Per la prima volta in carriera Jannik Sinner non vince una partita al Sofia Open (11/11 fino ad oggi). Questo, però, è con ogni probabilità l’ultima preoccupazione nella testa dell’altoatesino, costretto al ritiro nel terzo set per essersi girato la caviglia destra. Holger Rune, già comunque in vantaggio di un break nel parziale decisivo, sfrutta il ritiro del suo avversario e suggella una prestazione in crescendo, che gli permette di centrare la prima finale in carriera sul cemento. Grazie a questa vittoria il danese conquista anche il suo best ranking, issandosi al numero 26 del mondo (guadagnerà un’altra posizione in caso di successo in finale contro Huesler). Per Sinner, invece, la sconfitta fa male tanto in ottica ranking – perderà due posizioni, finendo al numero 12 – quanto, soprattutto, in vista della corsa alle ATP Finals di Torino. Obiettivo che ora si complica sensibilmente.
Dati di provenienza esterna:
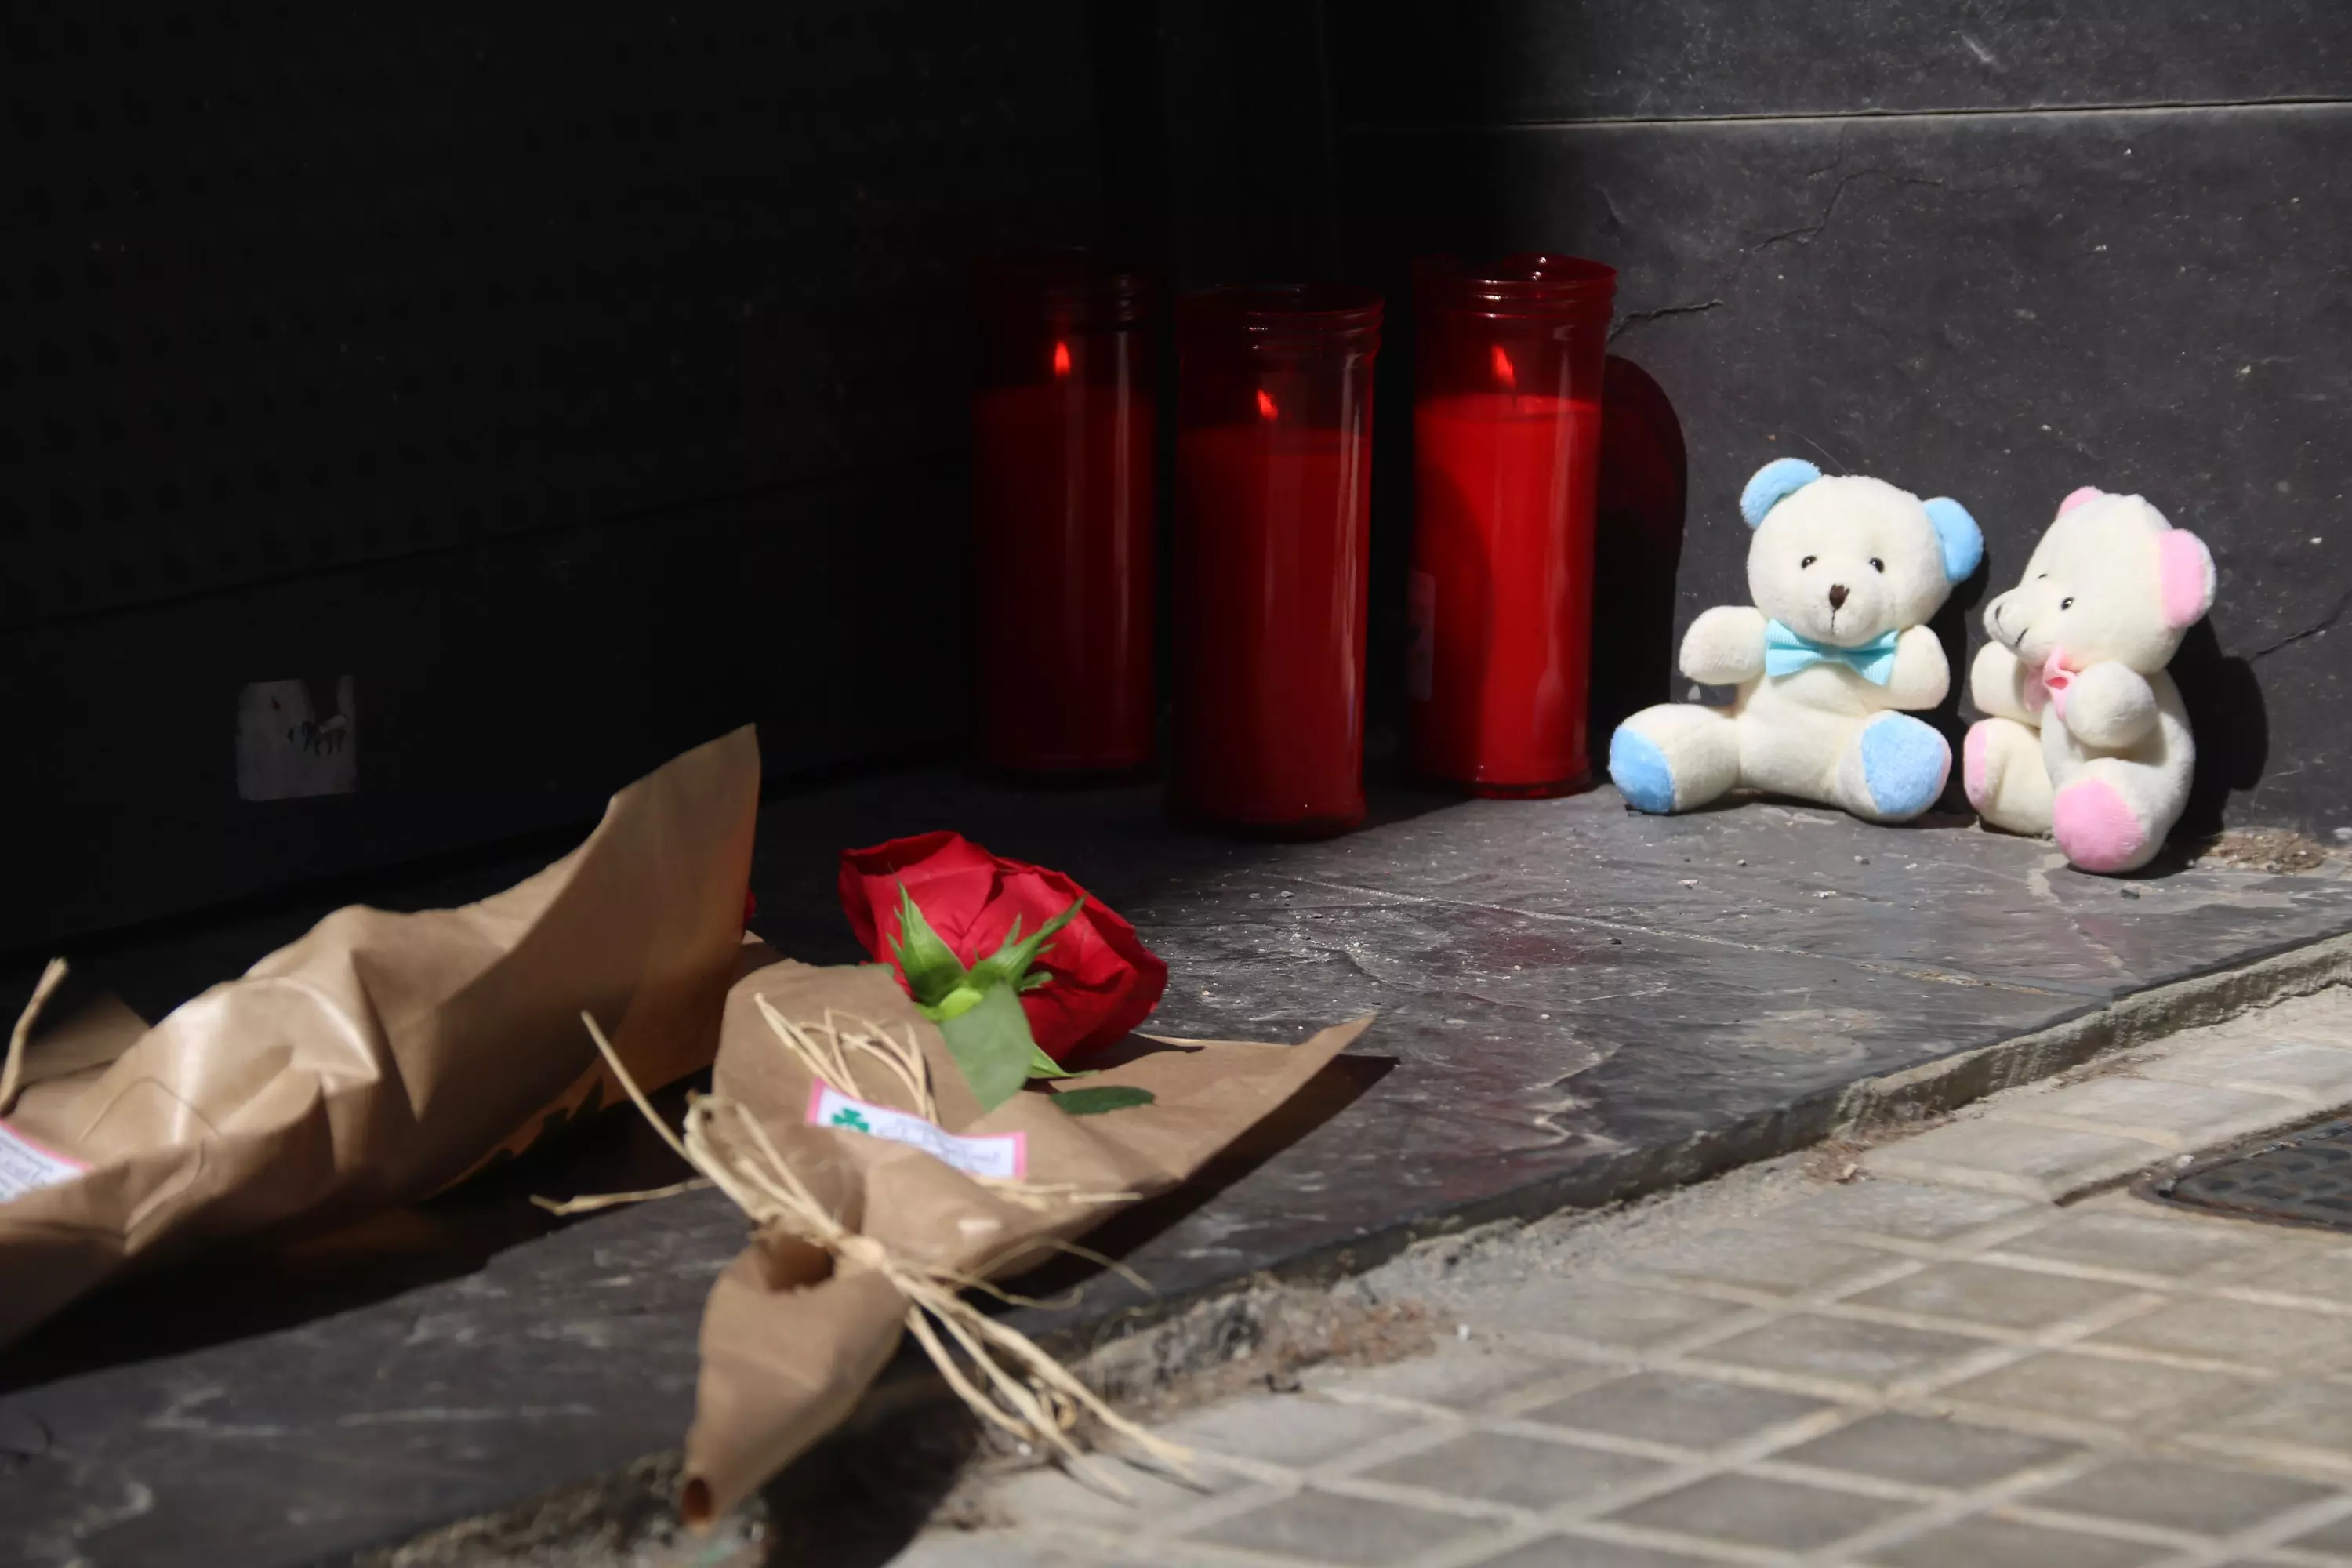 Flores, velas y peluches en recuerdo de las víctimas del triple homicidio de El Prat de Llobregat.— Gemma Sánchez / ACN

IL MATCH – C’è grande equilibrio in avvio di partita, con entrambi i giocatori piuttosto solidi nei propri turni di servizio, anche se sembra che Sinner possa far male da un momento all’altro. Negli scambi da fondo l’azzurro cerca sempre di prendere il controllo per primo, trovando spesso il modo di incidere con il dritto. È lui a crearsi la prima chance in risposta, dominando sempre con questo fondamentale e procurandosi la prima palla break. Anche con la risposta il numero 1 del seeding fa la differenza, ma Rune si tira fuori da una situazione complicata con grande coraggio e due efficaci serve&volley consecutivi e salendo sul 3-3. La partita è frizzante e divertente, anche perché i due protagonisti cercano di mantenere sempre i piedi ben saldi sulla linea di fondo, spingendo al massimo ogni colpo.

 

Nell’ottavo gioco il danese, in vantaggio 40-15, si rilassa e concede altre due palle break, entrambe però salvate con due prime pesanti. Il numero 31 ATP continua a faticare nei suoi turni di battuta, mentre Sinner è sempre impeccabile e garantisce il tie-break portandosi sul 6-5. Sul 30-30 va in scena lo scambio più bello dell’incontro – forse del torneo – ma se lo aggiudica Rune. L’italiano riesce comunque a procurarsi il quarto break point complessivo, il primo che vale anche un set point. Sono soltanto due challenge a fare la differenza, entrambi di marca azzurra. Il primo chiama fuori l’apparente ace del 19enne di Copenaghen, il cui rovescio lungolinea, nello scambio successivo, finisce di poco largo (sentenza confermata anche in questo caso dall’occhio di falco). Il risultato è un 7-5 che probabilmente, visto il totale controllo dei propri turni di servizio, sta anche stretto all’allievo di Vagnozzi.

https://twitter.com/TennisTV/status/1576250391942995968

Anche il secondo parziale scorre in modo decisamente rapido, calcando il solco del primo. I primi quattro game non regalano praticolari emozioni ma nel quinto, per la prima volta nel match e totalmente all’improvviso, arrivano tre palle break consecutive in favore di Rune. Il danese risponde molto bene e sfrutta al meglio i due gratuiti del suo rivale, entrambi con il dritto, e con un bello sventagio di dritto strappa il servizio a Sinner, infilando un importante parziale di 12-2 per passare a condurre 4-2.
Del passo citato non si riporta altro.